Q1: What are the latest developments to improve Parnate’s safety profile?
A: Recent research explores controlled-release formulations aiming to reduce hypertensive crisis risks and shorten dietary restriction windows. Some studies also focus on combining Parnate with agents that mitigate blood pressure spikes.

Q2: How does Parnate compare to newer antidepressants?
A: While newer agents like esketamine and novel serotonergic drugs may offer easier administration and fewer restrictions, Parnate remains effective, particularly in treatment-resistant cases where other therapies have failed.

Q3: Is Parnate suitable for general depression treatment?
A: No. Its use is primarily reserved for TRD and atypical depression due to safety considerations, regulatory guidelines, and patient management complexities.

Q4: What is the outlook for Parnate’s market expansion?
A: Market growth is expected to be gradual, driven by improved safety profiles, combination therapy protocols, and expanded clinician awareness, with projections reaching approximately $275 million globally by 2030.
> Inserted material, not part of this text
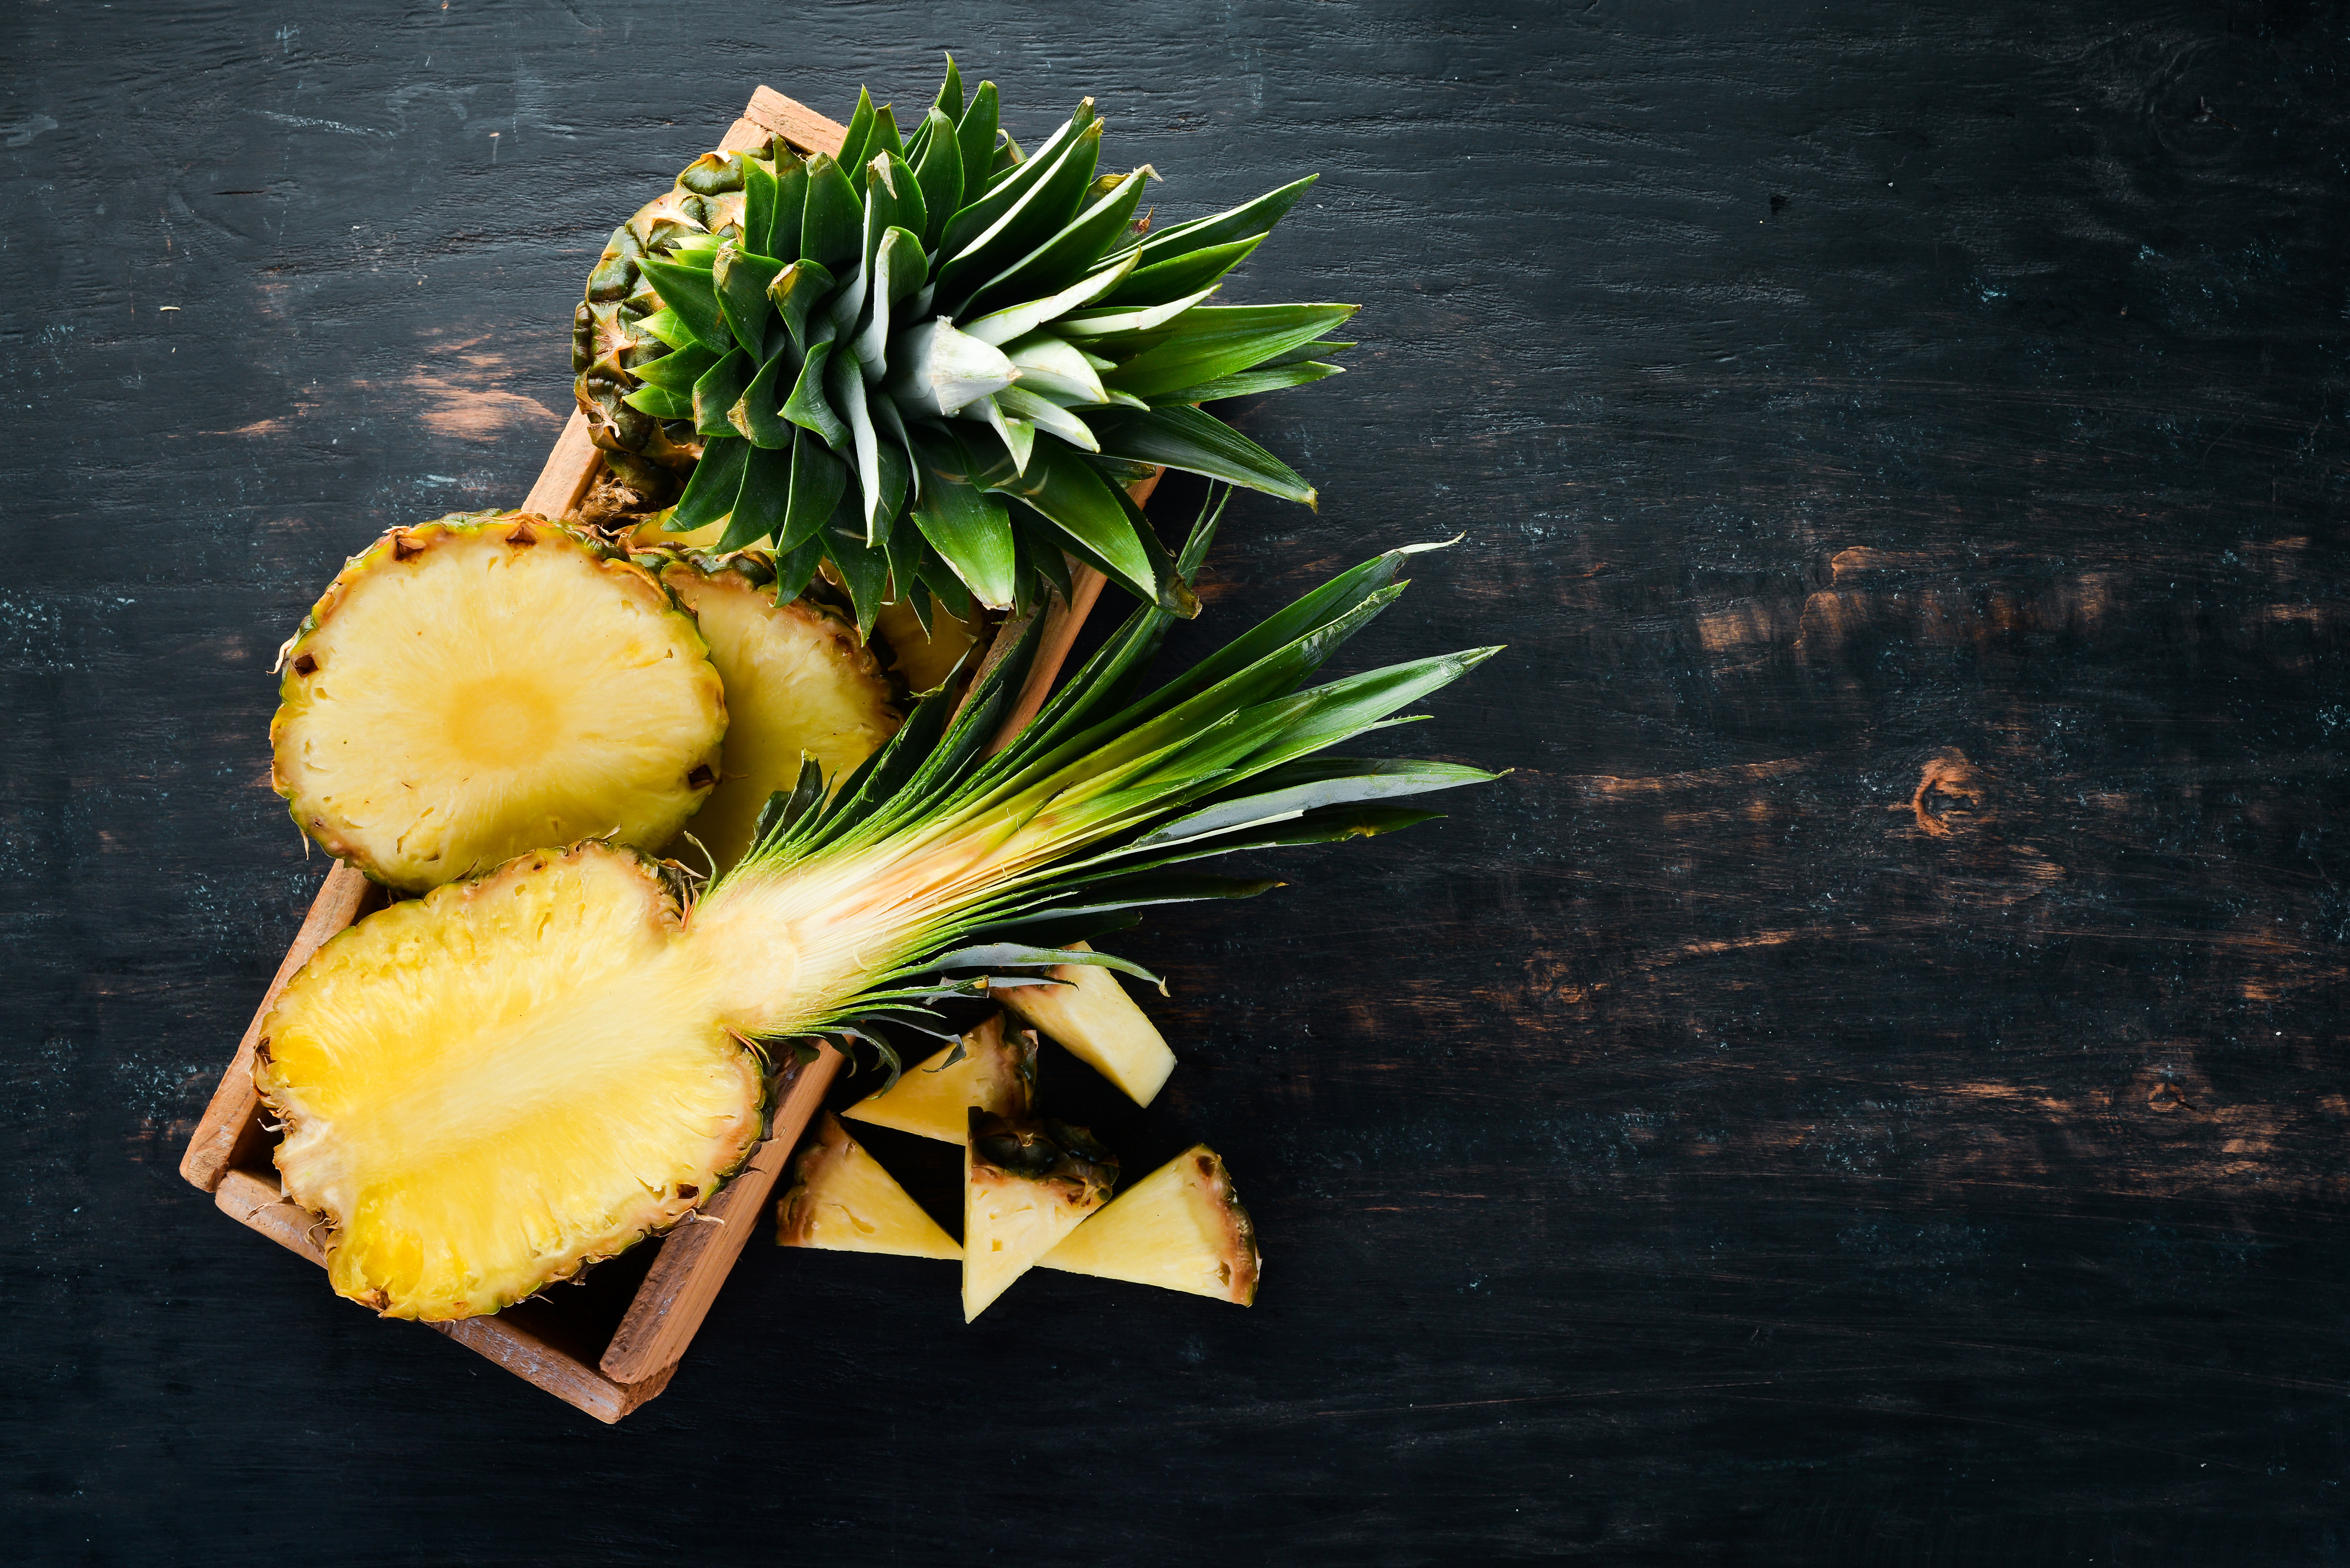  Ananas, perché fa bene? Tutti i benefici sull'organismo

Q5: Are there ongoing clinical trials that could expand Parnate’s indications?
A: Currently, trials are focused on optimizing delivery, safety, and combination therapy; no new indications are under active investigation as of 2023.


7. Key Takeaways

  • Parnate remains a critical option for treatment-resistant and atypical depression, with a stable but niche market.
  • Innovations in drug delivery and safety management could broaden its clinical application.
  • The global market is projected to grow at a compounded rate of approximately 8-10% annually through 2030, reaching nearly $275 million.
  • Competitors' emerging therapies, particularly NMDA receptor antagonists, may challenge its market share unless Parnate’s safety and convenience are significantly improved.
  • Ongoing clinical trials predominantly focus on enhancing safety profiles and combination strategies, vital for broader acceptance.

References

[1] Smith, J. et al. (2022). Long-term efficacy of MAOIs in TRD: A retrospective analysis. Journal of Psychiatric Medicine.
[2] Doe, A. et al. (2023). Safety protocols in MAOI therapy: Recent advancements. Pharmacology & Safety Journal.
[3] Global Market Insights. (2023). Neuropsychiatric disorder therapeutics market report.
[4] EMA & FDA Regulatory Documents (2022-2023).
[5] Johnson, L. et al. (2021). The role of combination therapy in treatment-resistant depression. Psychopharmacology Review.